In [1]:
import pandas as pd
import numpy as np
from sklearn.model_selection import train_test_split
from sklearn.preprocessing import StandardScaler, MinMaxScaler
from tqdm import tqdm
import dask
from dask import dataframe as dd
from dask.diagnostics import ProgressBar
import glob
import random
import math
import json
import os
import gc

## Configuration

In [2]:
dask.config.set(num_workers=8, scheduler='processes')
random.seed(0)

# Directory where the derived data is stored
DERIVED_DATA_DIR = '../../../data'

# Number of force cells in the robotic leg
N_CELLS = 8

# Path where the results are stored
RESULTS_PATH = '../../../results'
# ID of the training and test data resulting from this notebook, stored in RESULTS_PATH
DATA_ID = '0005_19042021'

# Scaler to normalize the data
SCALER = MinMaxScaler() # StandardScaler()

# Total number of experiments
N_EXPERIMENTS = 63
# Number of folds for cross-validation
CV = 6
# Experiments for training set (int)
TRAIN_SIZE = 54
# Experiments for test set (int)
TEST_SIZE = 9

assert(TRAIN_SIZE + TEST_SIZE == N_EXPERIMENTS)
assert(TRAIN_SIZE % CV == 0)

## Features and target selection

In [3]:
H3_LEG = 'L' # L|R

features = [H3_LEG + a + m for a in ['Hip', 'Knee', 'Ankle'] for m in ['Pos', 'Vel', 'Acc', 'Torque']] + ['LegKnee{}Filtered'.format(m) for m in ['Position', 'Velocity', 'Torque']]
targets = ['F' + str(i + 1) + ax for i in range(N_CELLS) for ax in ['x', 'y', 'z']]

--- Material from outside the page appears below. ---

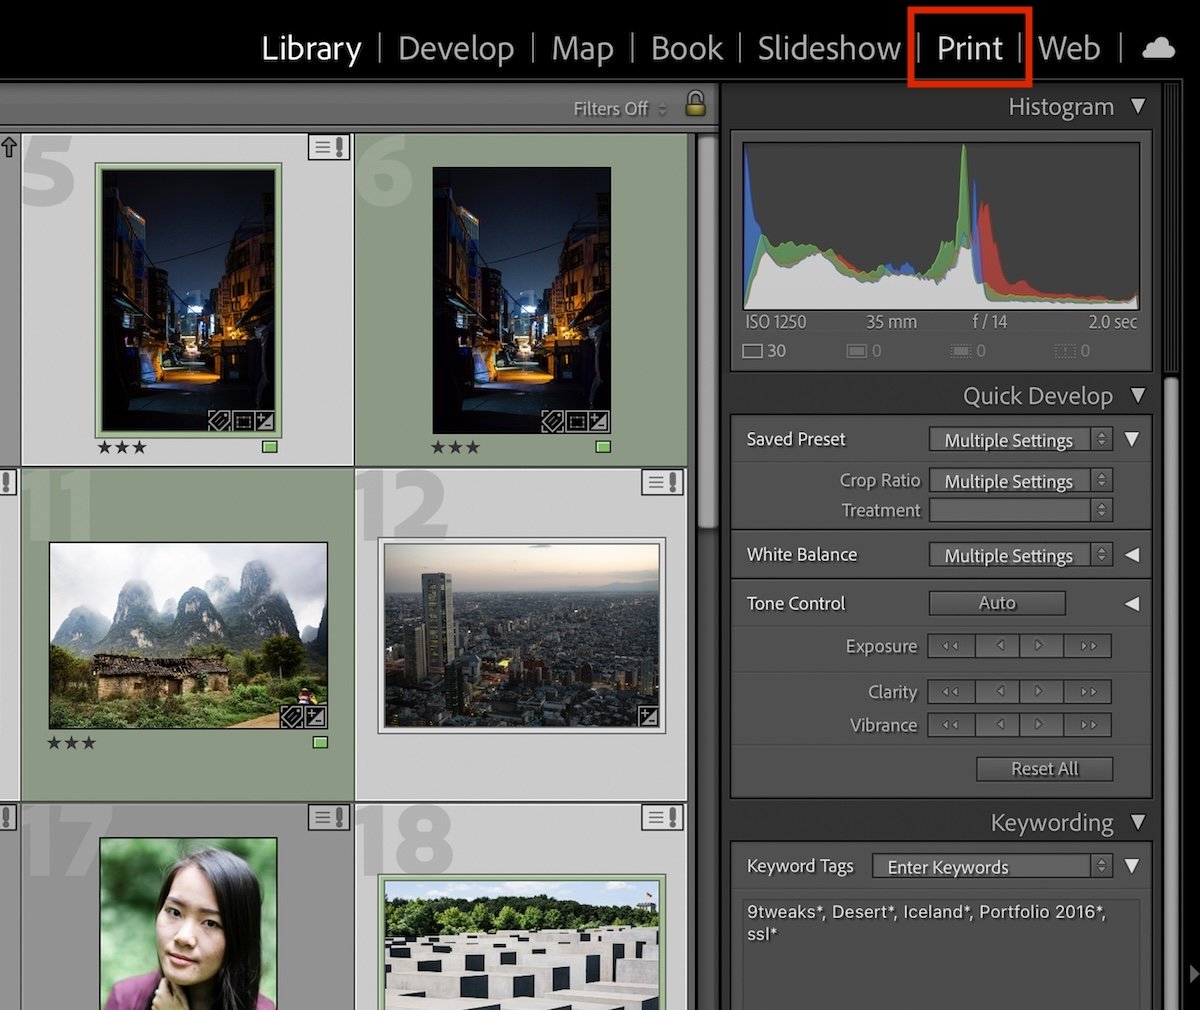 screenshot of the adobe lightroom classic interface showing top menu modules with print in a red box

print('Number of features: {}'.format(len(features)))
print('Selected features: {}'.format(features))
print('\n')
print('Number of targets: {}'.format(len(targets)))
print('Selected targets: {}'.format(targets))

Number of features: 15
Selected features: ['LHipPos', 'LHipVel', 'LHipAcc', 'LHipTorque', 'LKneePos', 'LKneeVel', 'LKneeAcc', 'LKneeTorque', 'LAnklePos', 'LAnkleVel', 'LAnkleAcc', 'LAnkleTorque', 'LegKneePositionFiltered', 'LegKneeVelocityFiltered', 'LegKneeTorqueFiltered']


Number of targets: 24
Selected targets: ['F1x', 'F1y', 'F1z', 'F2x', 'F2y', 'F2z', 'F3x', 'F3y', 'F3z', 'F4x', 'F4y', 'F4z', 'F5x', 'F5y', 'F5z', 'F6x', 'F6y', 'F6z', 'F7x', 'F7y', 'F7z', 'F8x', 'F8y', 'F8z']


In [4]:
experiments_dirs_path = glob.glob(DERIVED_DATA_DIR + '/*/*')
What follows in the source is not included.